Targeted therapies like immune cell engagers and ADCs have significant potential in this space but clinical success has been limited because many of these molecules struggle to differentiate between healthy and diseased cells expressing the same surface markers.
This issue, which is termed on-target off-tumour toxicity, remains a significant issue for many of the targeted antibody therapeutics in development.
For our internal pipeline, we’ve been tackling the challenge of on-target, off-tumour toxicity using an avidity-driven selectivity strategy.
The avidity-driven selectivity strategy is mechanistically intuitive but co-optimising molecules for killing selectivity, in conjunction with potency, efficacy and developability is a real challenge for conventional antibody engineering approaches.
Through the application of active learning, we have successfully demonstrated the ability to improve the killing selectivity of a solid tumour-targeted T-cell engager to a level that is 400 times greater than the corresponding clinical benchmark (ref). Furthermore, we’ve shown that the process yields diverse panels of high-performing T-cell engagers with non-intuitive designs.
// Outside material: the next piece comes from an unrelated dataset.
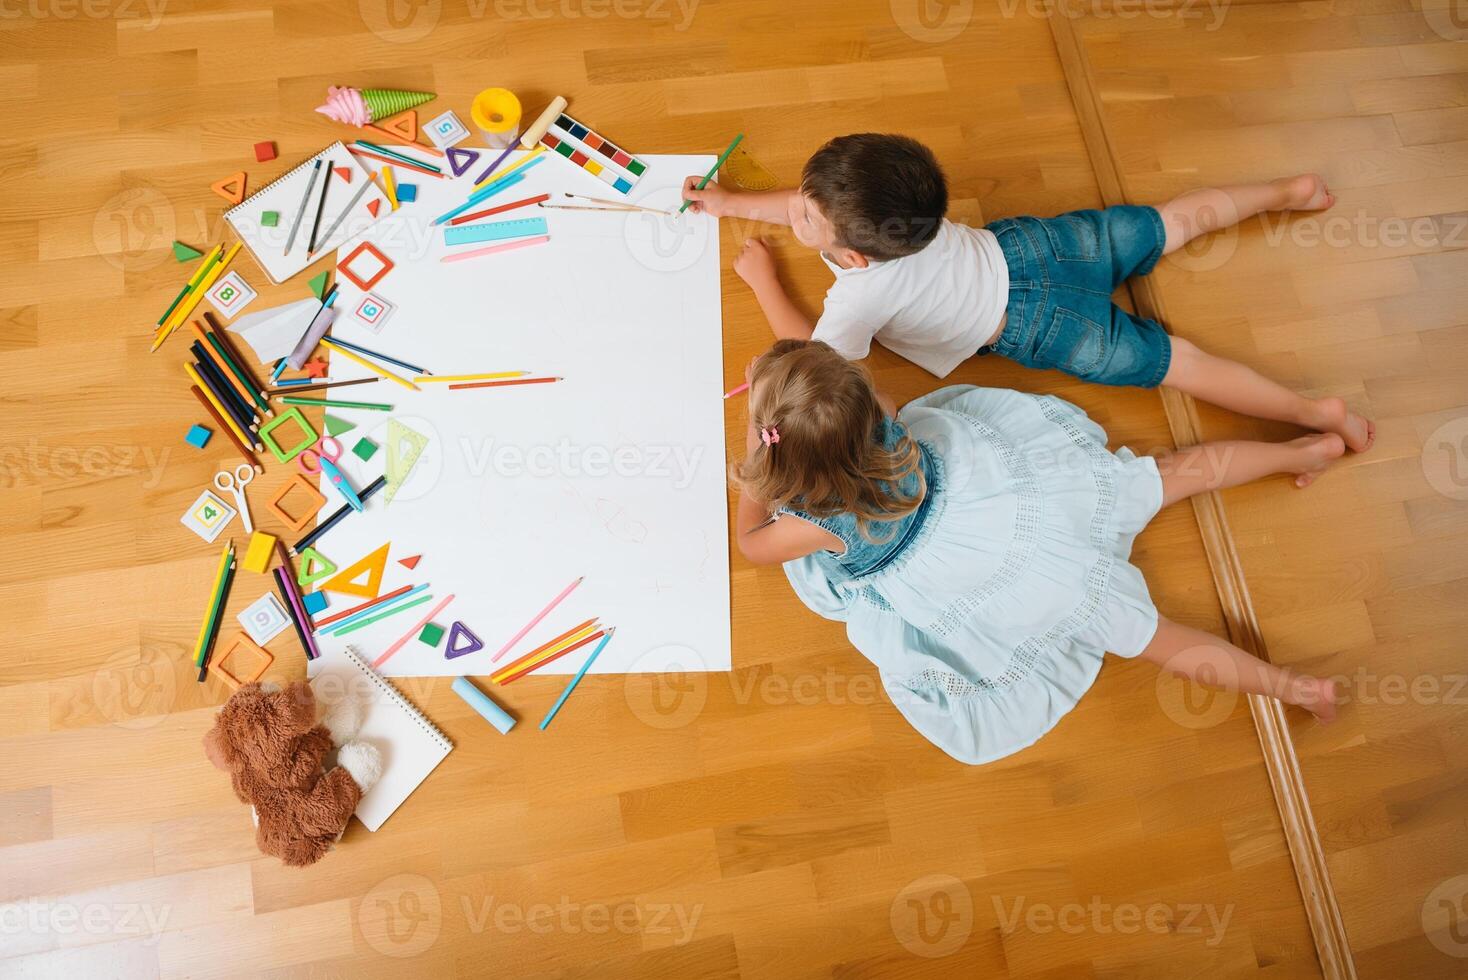 Kids drawing on floor on paper. Preschool boy and girl play on floor with educational toys - blocks, train, railroad, plane. Toys for preschool and kindergarten. Children at home or daycare. Top view. photo

The proceeds from this Series B financing will enable us to both build on these capabilities and progress our pipeline of highly selective multispecifics towards the clinic.
A final thought
Yes, this is a moment to think about the future of LabGenius but it’s also a time to recognise the hard work of team members past and present and the role that they have played in getting us to this important milestone. The resolve and resourcefulness that the LabGenius team has shown in the face of every obstacle has been a constant source of inspiration and it’s my rock-solid belief in them that makes me excited for what we can achieve in the years ahead.